Who Will Be Paying the "Cadillac Tax"?
The excise tax on high cost health care plans has dubbed them "Cadillac" plans, a choice that was always a little puzzling. The primary demographic for Cadillacs is on Medicare, not Goldman's payroll. And one of the main targets of the tax is the union members who form a core part of the Democratic base. The notion that these people are grotesquely overpaid freeloaders is usually a Republican talking point.
Politics daily columnist Patricia Murphy elaborates:
The levy has been dubbed the "Cadillac tax," but research shows it would likely affect a broad swath of Americans regardless of their income, which could indeed amount to the tax on the middle-class that President Obama promised would not happen under his administration. The tax is a growing source of anxiety for Huber and his co-workers, but also for Democrats in the House, who vow to strip the measure out of the bill in conference or consider bringing the bill down altogether.
The confusion surrounding the tax comes from its complexity and the luxury car it is named for. When President Obama first raised the idea of taxing insurance companies this summer, he framed it as one way to get Wall Street executives to pay their fair share.

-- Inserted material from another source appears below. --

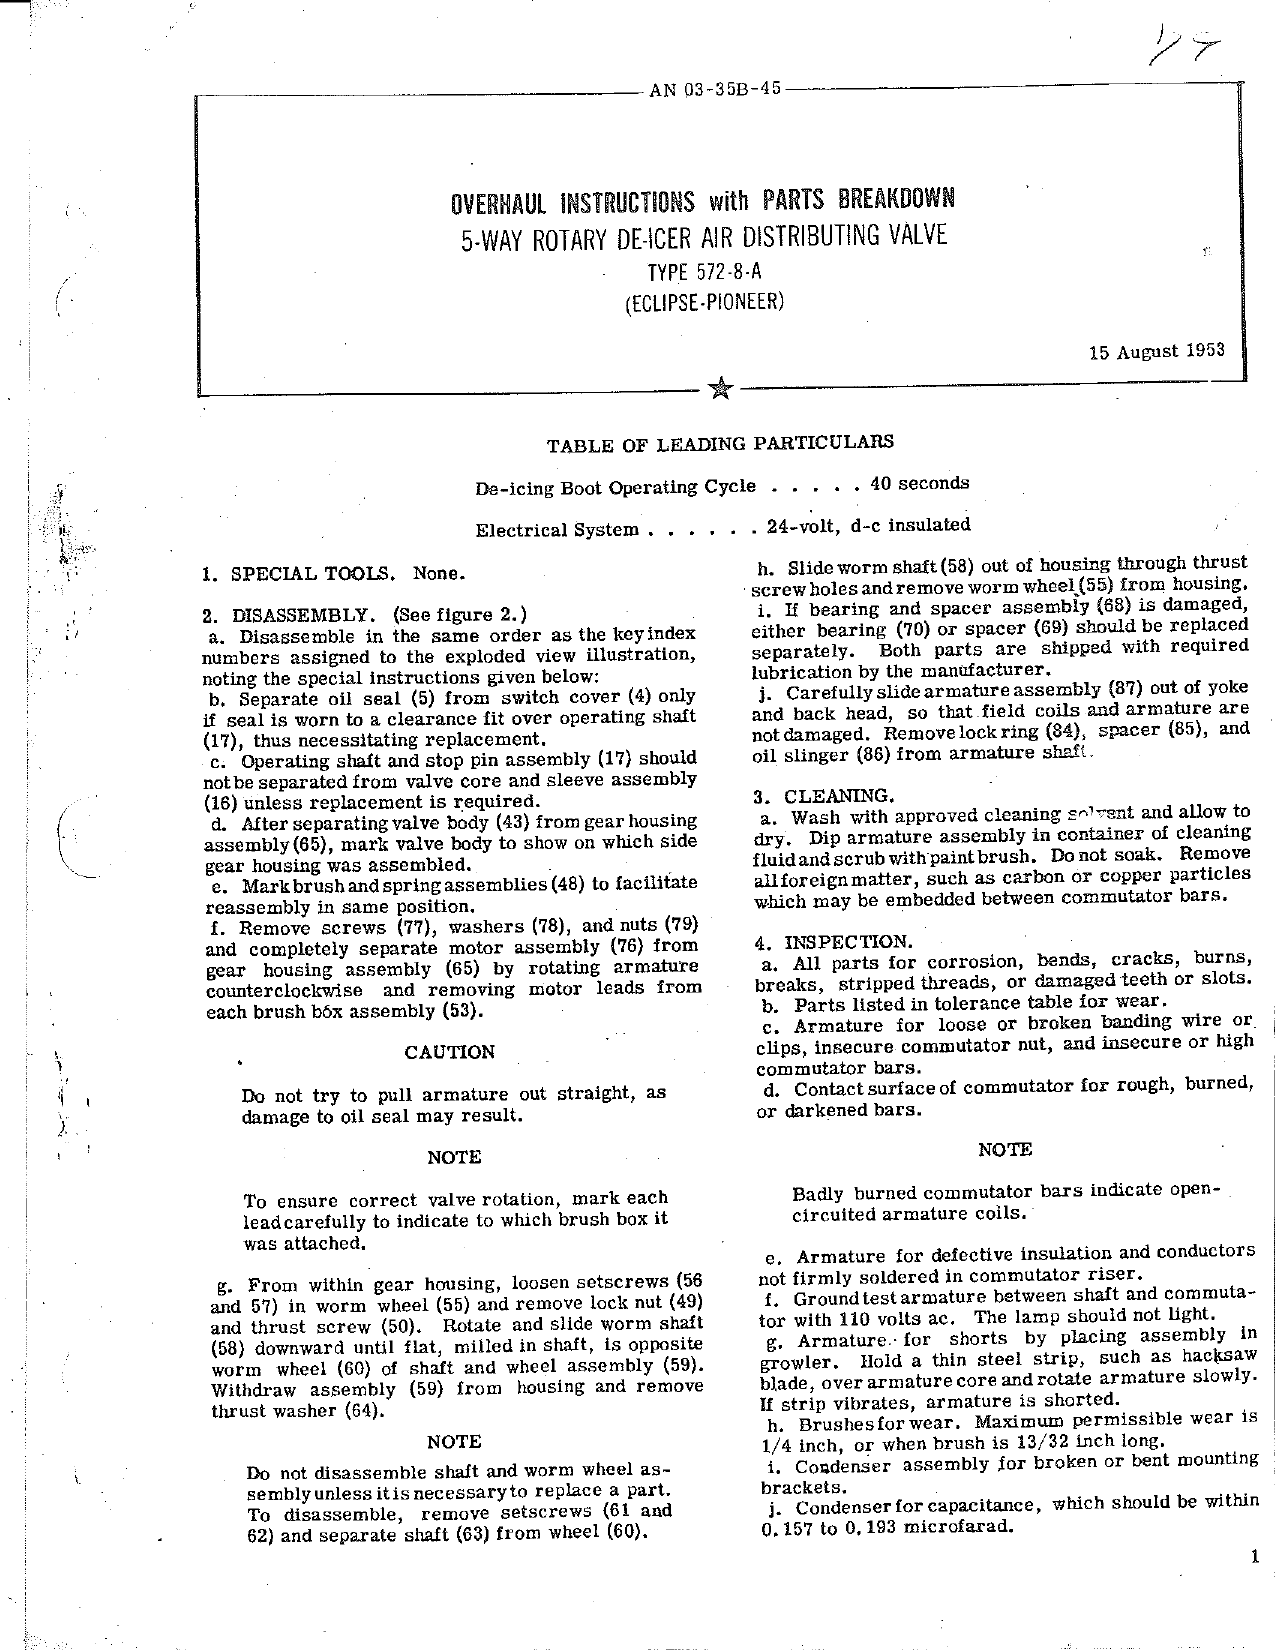 Sample page 1 from AirCorps Library document: Overhaul Instructions with Parts Breakdown for 5-Way Rotary De-Icer Air Distributing Valve - Type 572-8-A

Obama told PBS' Jim Lehrer he wanted to target "super, gold-plated Cadillac plans." Days later, Obama's senior adviser David Axelrod told The New York Times the administration wanted to tax benefits, "like the ones that the executives at Goldman Sachs have, the $40,000 policies."
At the time, Obama said he did not want the tax to hit middle-class families, but when the proposal emerged from the Senate Finance Committee in September, it proposed charging insurance companies and a 40 percent excise tax for high-dollar, but not exactly gold-plated plans. The bill now calls for the tax to apply to plans exceeding $8,500 for individuals and $23,000 for families, for the cost of combining health savings accounts, medical, prescription drugs, dental, vision, etc.. The tax is charged to insurance companies, but it is widely assumed they would passed it on to employers.
Despite the politically powerful unions that oppose it, the tax is enormously attractive to government economists because it both raises revenue -- $149 billion over ten years -- and should depress the rate of health care inflation by discouraging companies from offering more generous health plans. The Joint Committee on Taxation and the CBO credit the tax as the largest factor in "bending the cost curve" and cutting the federal deficit, as the Senate bill is expected to do.
Christina Romer, a senior economic adviser to the president, predicted in October that the tax would encourage, "both employers and employees to be more watchful health care consumers." But research released last week by Mercer, an employee benefits consulting firm, showed that in addition to considering lower cost plans, two-thirds of companies polled said they would also raise health care costs for workers through higher co-pays and deductibles, regardless of whether the employee is a CEO or a line worker at a factory.
Beth Umland, the research director for Mercer, explained that although the "Cadillac tax" is targeted at high-dollar plans, the cost of insurance plans is primarily driven by the age, gender, health and location of a company's workers, not the lifestyle they enjoy.
"Plans that trigger the excise tax are not necessarily generous plans," she said. "Small employers offer significantly less generous plans than large employers, but just as many small employers are going to trigger the tax." Plans for workers in dangerous professions, like steelworkers, also have higher cost plans because they experience more work-related health problems.
Umland also said that the tax would apply to about 20 percent of companies when it is implemented in 2013, and would apply to businesses large and small, union and non-union, from Goldman Sachs to the bagel shop down the street. It is also likely to have the greatest impact on those who use the most health care, like new moms and people with chronic illnesses, as well as those who can least afford it. "The lowest paid workers tend to choose the most generous plans because they can't afford the out-of-pocket expense of a higher deductible," she explained.
I am sure that the folks at Goldman Sachs have very generous benefit plans. But taxing their health care plans is not going to cause the executives to consume less health care; traders earning millions of dollars a year are unlikely to forgo an MRI because it might cost nearly as much as they dropped on wine last Saturday night. You might be able to get their back office folks and the secretaries to cut back a little, but those folks are pretty well paid.
No, if you want to actually "bend the curve" with an excise tax, you have to hit people who aren't that well paid, and cannot afford to make up the spending through a combination of deductibles, co-pays, and straight out-of-pocket expenditures. People like steelworkers pulling in $42,000 a year. The unions have been hitting the House of Representatives hard to get them to strip this out of the final bill; it will be interesting to see how many of them will support it if it comes out of conference with an excise tax instead of the "Millionaire's tax" preferred by Pelosi and co.